An Appreciation – Rocky

There are many movies that feature underdog characters, but very few are as good and as inspirational as Rocky (1976). Directed by John G. Avildsen and written by and starring Sylvester Stallone as the titular character, the film is a moving emotional journey about a no-name fighter who is given the miracle chance of becoming a world champion. But more than that, the movie is a story of a man who simply wants to be the best that he can possibly be. He wishes to crawl out of the depths that life has put him in and earn the self-respect that even he doesn’t feel he has. The movie is about so much more than just the final fight, and it is about more than just a fighter. It is about a man’s life; it is about that man trying to find his share of happiness, however small that may be.

The film is so beloved because the character is one that we so easily can fall in love with. Rocky Balboa is so inherently good, so lovable and endearing, that it is difficult to not find sympathy for him. Stallone wrote Balboa with dialogue that is not eloquent, but his feelings and emotions are so strong that words don’t even need to be said to express what he is going through. He is of meager living conditions, spending his nights boxing in small, rundown clubs for very little pay. During the day, he works as a collector for a small time loan shark named Tony Gazzo (Joe Spinell). But even though he works for a low rent criminal, Rocky is certainly not a bad person himself. He tries to find the good in people, and wants to help others when he can. When Gazzo orders Rocky to break the thumbs of a person who hasn’t yet repaid their debts, Rocky feels for the man and lets him go, even though he knows that he’ll end up being reprimanded for it. Yes, Rocky fights in a brutal sport and works with brutal people, but he is not a brutal person.

Rocky lives in a very humble environment. The apartment he resides in is quaint to say the least, with empty beers bottles scattered around and loose newspapers adorning his couch and coffee tables. I think the way his apartment is says a lot about how Rocky thinks about himself. It’s clear that Rocky’s self esteem is not very high. He thinks very low of who he is as a person, and admits it often. Philadelphia is portrayed as a drab, cold city, one of dirty alleyways and sidewalks, with suspicious people hanging out on the street corners, seemingly up to no good. It’s a world where one can easily become lost and corrupted, and Rocky knows this. In a poignant scene, Rocky attempts to teach a young girl named Marie (Jodi Lestizia) the dangers about hanging out with the wrong crowd, only to be completely dismissed and called a “creep-o.” Watch Rocky’s reaction as he heads back down the street, calling himself a “creep-o” as well. Rocky knows that people think of him as a nobody, and it is likely that he would agree also. At the boxing gym, his gear gets taken out of his locker for an up-and-coming prospect, and when he asks the trainer Mickey (Burgess Meredith) why, Mickey’s response is because he is a bum.

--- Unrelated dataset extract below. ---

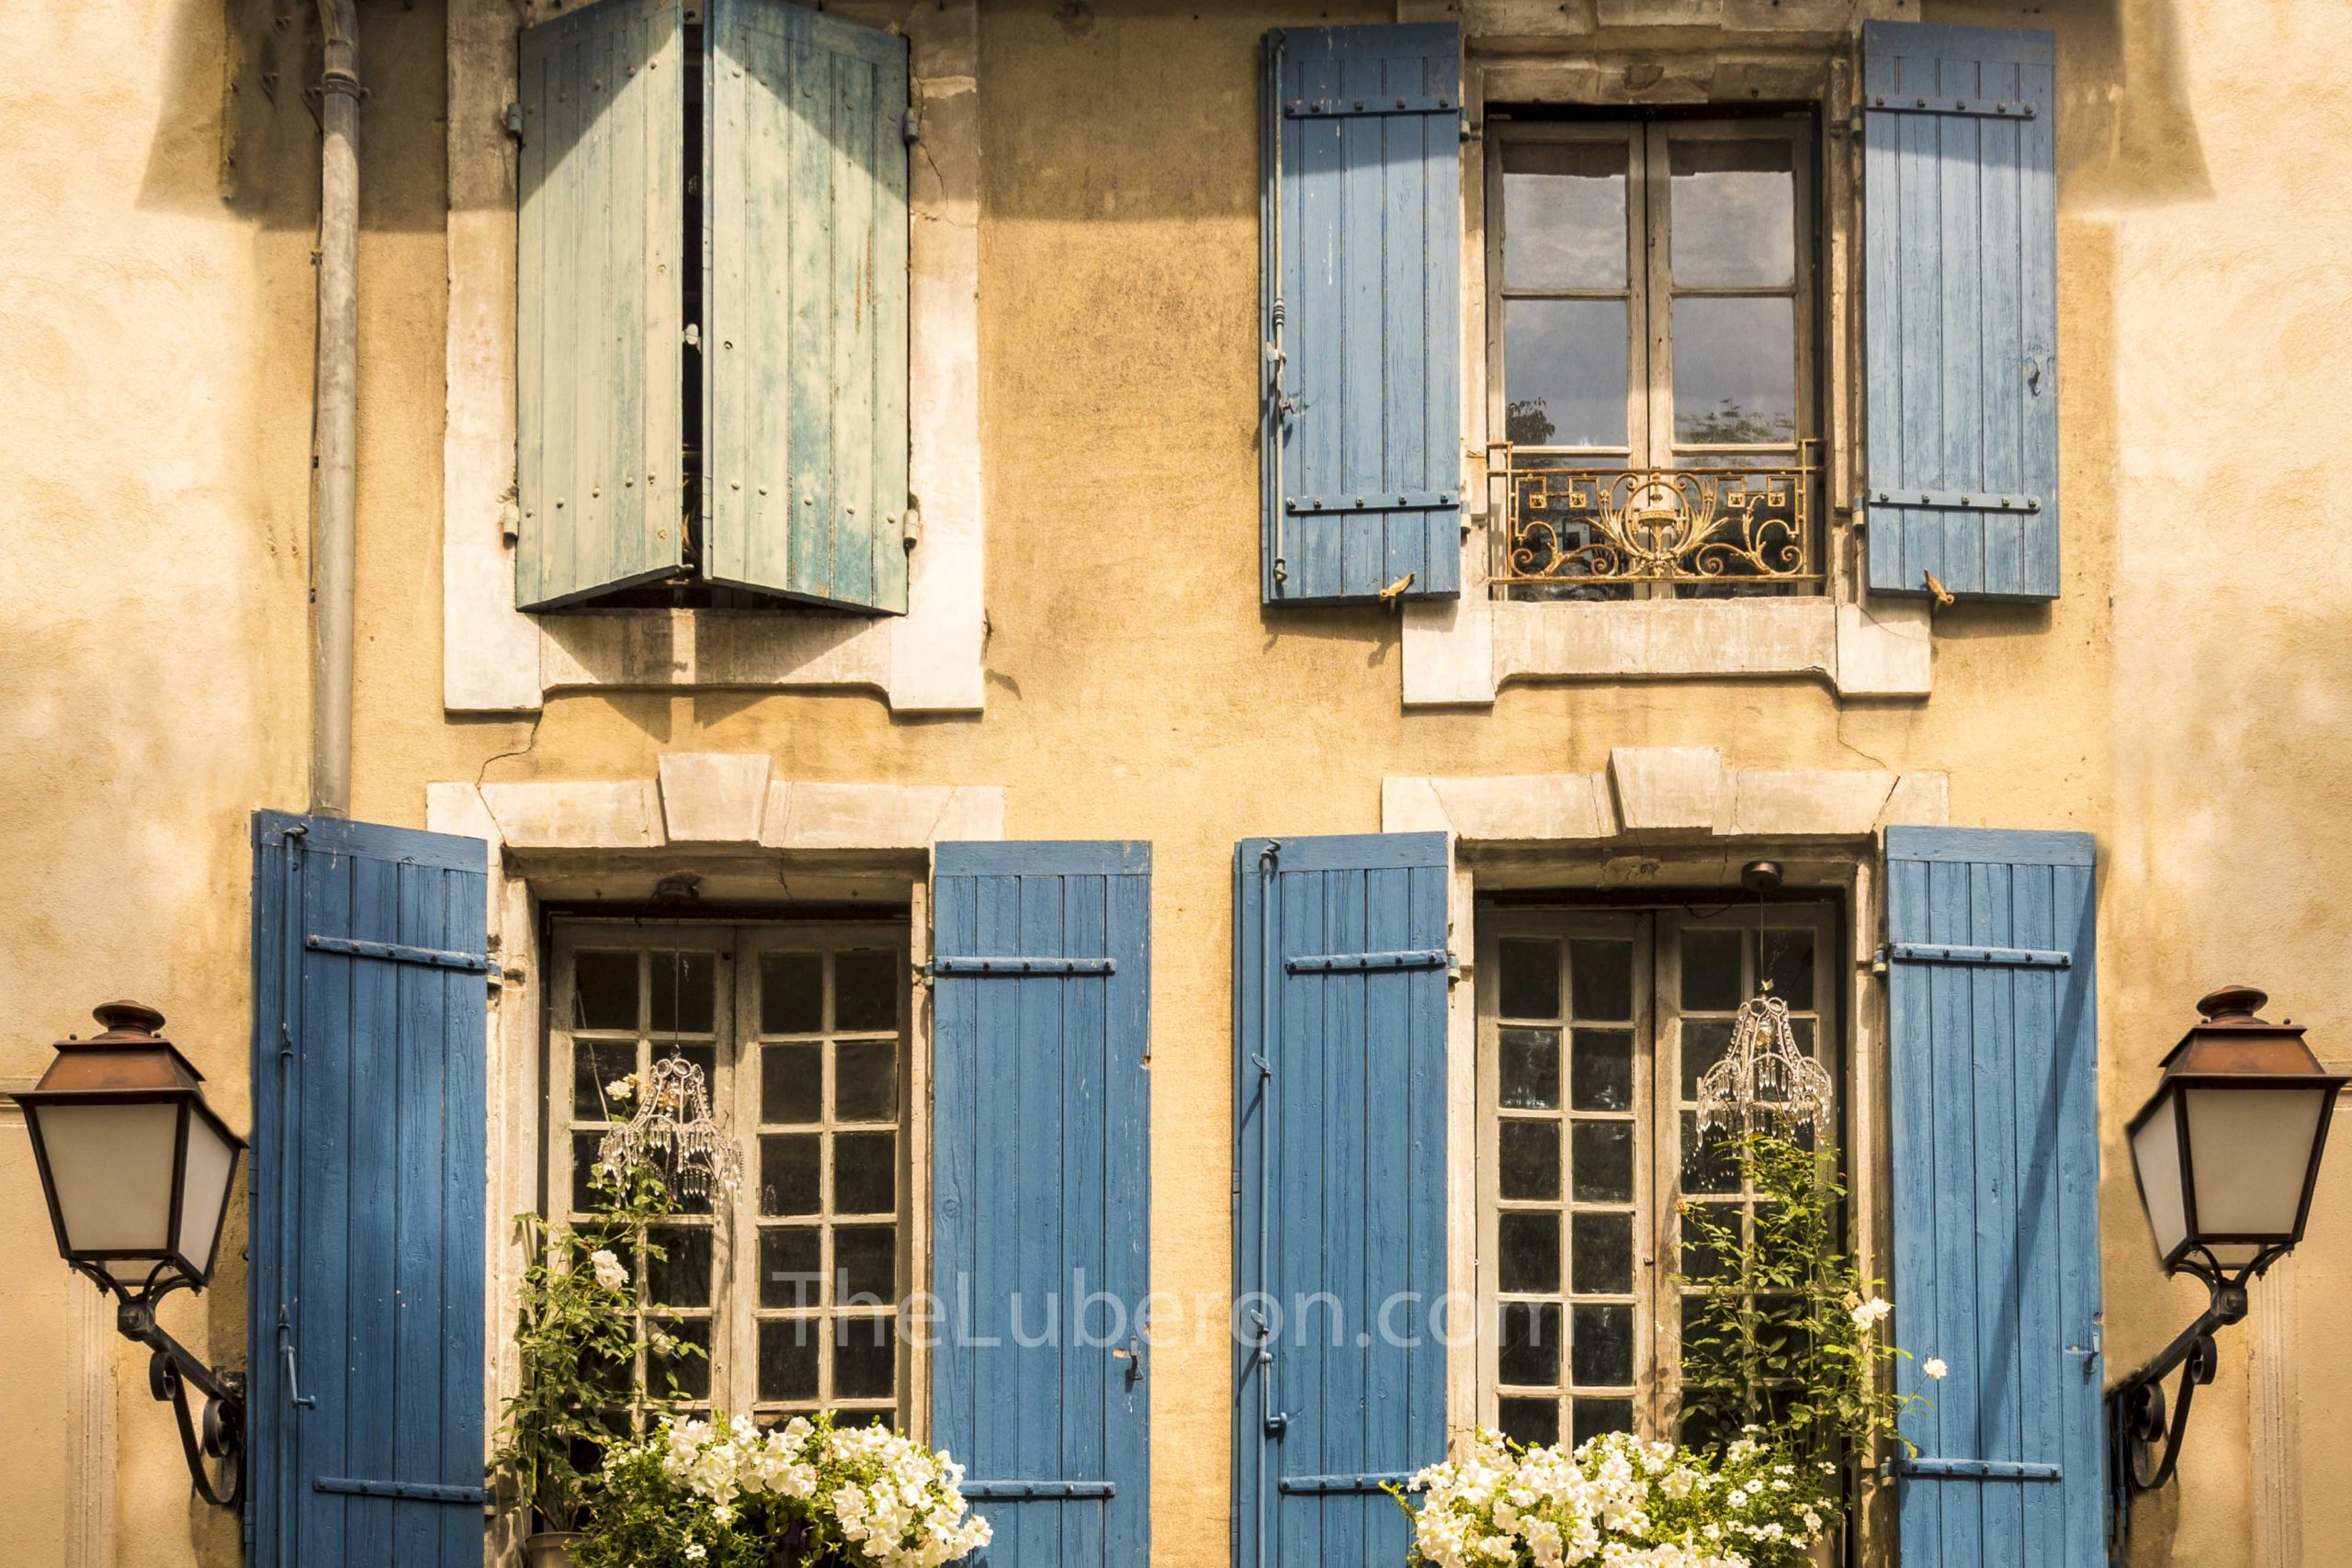 Shutters in St-Remy-de-Provence

With his life being so downtrodden as it is, along with people not giving him any kind of respect, it’s almost a relief to see some sort of levity come in to Rocky’s life. Although he comes from a humble background, Rocky almost always goes around with an optimistic, upbeat attitude. He never tries to antagonize anyone, and there are many scenes where Rocky jokes and kids around with other characters. This makes him even more likeable; his warm and kindhearted nature masks a person who is clearly lonely and depressed, and our compassion goes out to him. The one thing Rocky finds that could be a source of happiness is Adrian (Talia Shire), a shy and lowly pet store clerk. What an interesting couple these two make—Rocky as the muscular, simple, low-level boxer and Adrian as the meek, quiet, and introverted counterpart. But they work so lovingly well together. These are two lonely people who want to love and be loved, but their lives in the city have given them very few opportunities for that to happen. And that’s the reason why Rocky pursues her almost every day, coming up with very corny jokes that barely get a smile out of other people. He knows that there is a beautiful person underneath the thick cap and big glasses, and he attempts as well as he can to bring that person out of her shell. Notice in the Thanksgiving sequence, when Rocky takes Adrian out to the skating rink and then back to his apartment, he does all the talking and she says barely a word. But as their attraction and mutual relationship builds, their chemistry culminates in a very touching moment of intimacy.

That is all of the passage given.